In Latin America, the phenomenon of "liberation theology" was reconnecting the church with the impoverished peasant millions whom it had long ignored. In Europe and North America the old hierarchies were all under challenge, but especially the hierarchy of gender. Justice and equality were the themes, and the energy was astonishing.

Twenty-five years later, it is all gone. The collegiality promised by Vatican II is dead, replaced by top-down rule and a stream of decrees on faith and morals handed down by a pope who brooks no argument. Nobody knows how many Catholic priests, nuns and lay theologians have been bullied into remaining silent under threat of excommunication, for neither their names nor their offenses are made public, but the victims of what amounts to a new inquisition probably number in the thousands. And liberation theology has been crushed as heresy, leaving the Latin American poor to seek help and hope elsewhere.

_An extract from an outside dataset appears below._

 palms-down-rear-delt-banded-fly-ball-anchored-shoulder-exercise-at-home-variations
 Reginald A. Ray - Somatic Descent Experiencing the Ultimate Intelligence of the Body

The result is many Catholics in the developed world, especially women, have become internal emigres, clinging to their Catholic beliefs but silently rejecting the authority of a Vatican that, in the words of Swiss Catholic theologian Hans Kung (whose license to teach theology in Catholic institutions was revoked by the Vatican in 1979), "has waged an almost spooky battle against modern women who seek a contemporary form of life, prohibiting birth control and abortion (even in the case of incest or rape), divorce, the ordination of women and the modernization of women's religious orders."

Latin America, home to almost half of the world's Catholics, used to be a place where no other religion had a substantial presence. Under John Paul II, however, the reimposition of the old Catholic hierarchies and orthodoxies has opened the door for evangelical Protestant sects, mostly Pentecostals and charismatics, to snap up millions of poor people who might once have been attracted to liberation theology.

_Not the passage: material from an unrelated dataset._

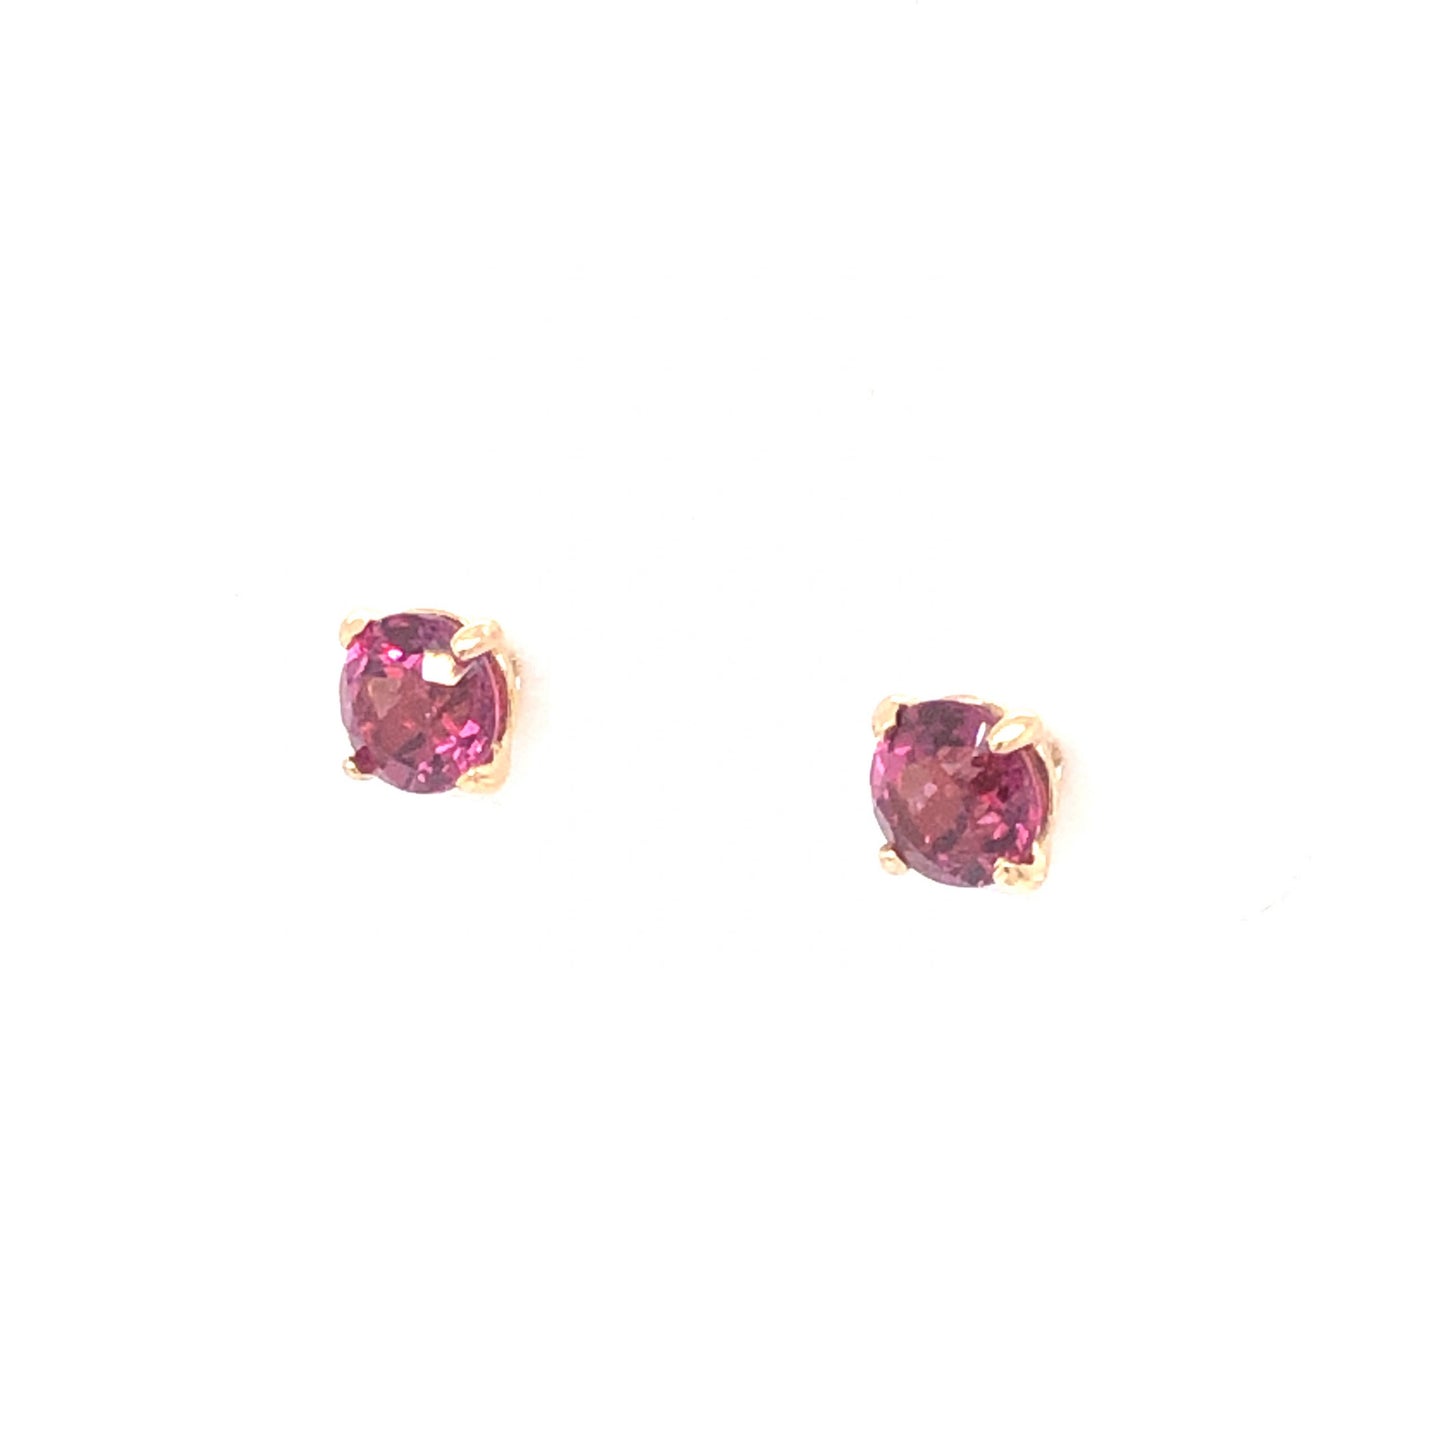 Round Pink Tourmaline Earrings in 14k Yellow Gold

In a single generation evangelical Protestants have come from almost nothing to capture the loyalty of about a quarter of Latin America's population, and they continue to grow very fast. This has happened almost entirely on John Paul II's watch.

Then there is the fact that Wojtyla has created almost 500 saints, more than all the other popes of the past four centuries together. His candidates for sainthood often mirror his own deeply conservative beliefs, like the hundreds of Catholic "martyrs" of the Spanish Civil War of 1936-1939, all supporters of Gen. Francisco Franco's fascist revolt against the legitimate government, whom he beatified in 2000. Even devout Spanish Catholics were embarrassed.

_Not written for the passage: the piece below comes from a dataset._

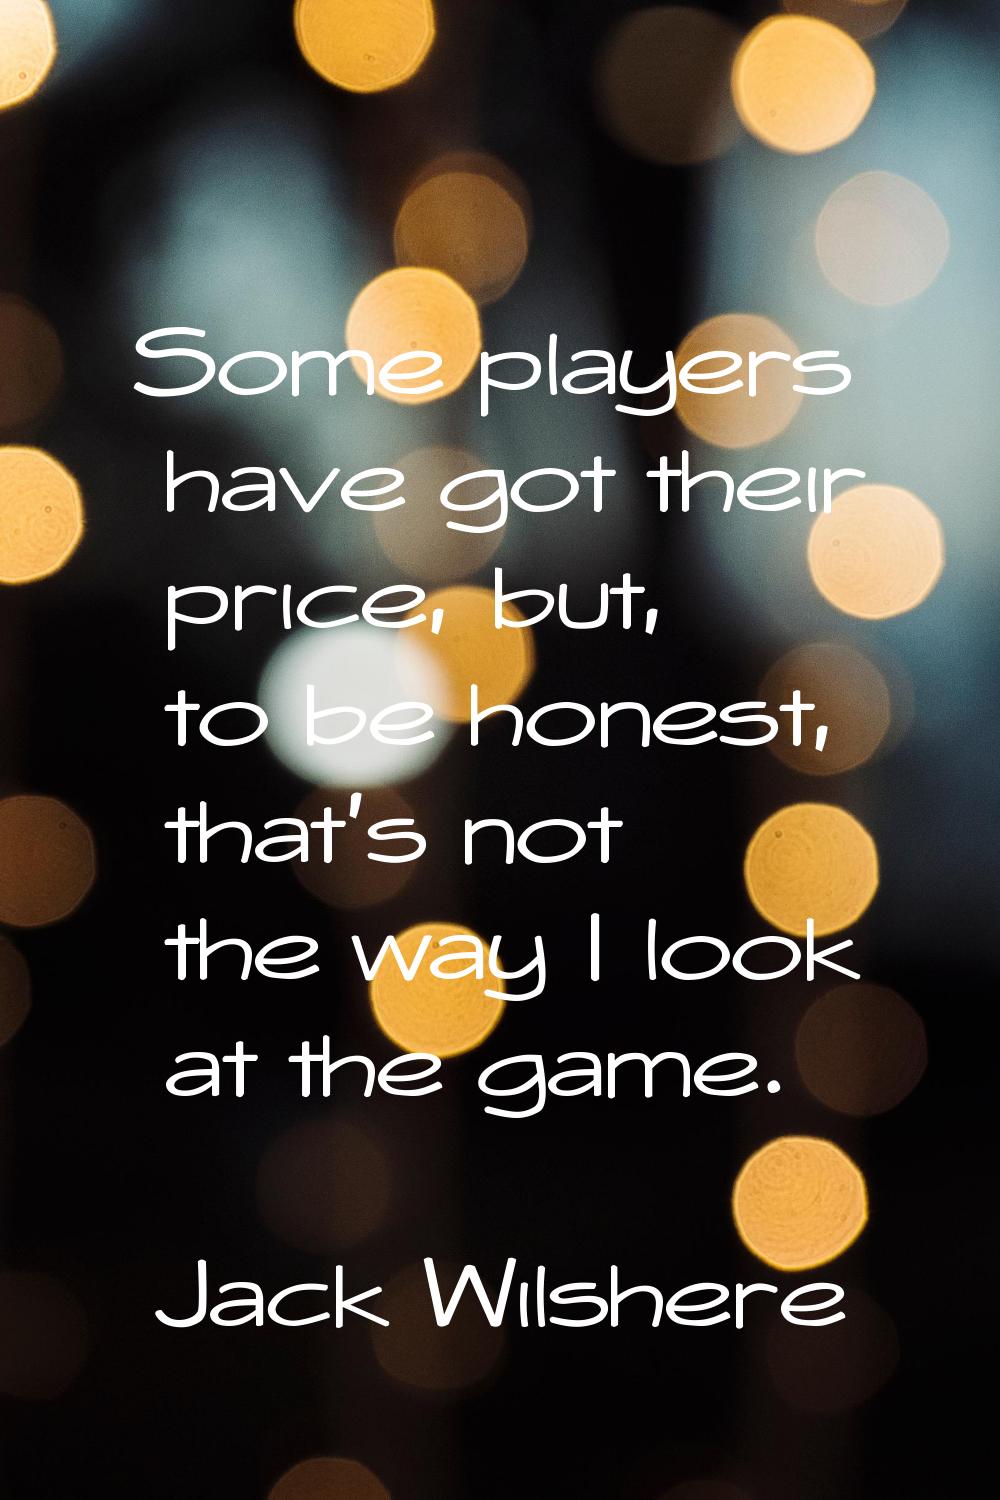 Some players have got their price, but, to be honest, that's not the way I look at the game.

Much of this has been obscured by the pope's rock-star charisma and his constant touring, but John Paul II certainly does not leave the church as he found it. Whether he leaves it either stronger or better is open to question, but it will certainly continue on the course he has set for at least another generation, for an overwhelming majority of the cardinals who will choose his successor are men who share his deeply conservative and centralizing views.

They ought to, for he chose them himself. In 15 years on the throne his predecessor, Paul VI, made only 26 new cardinals. In 25 years, John Paul II has made 226.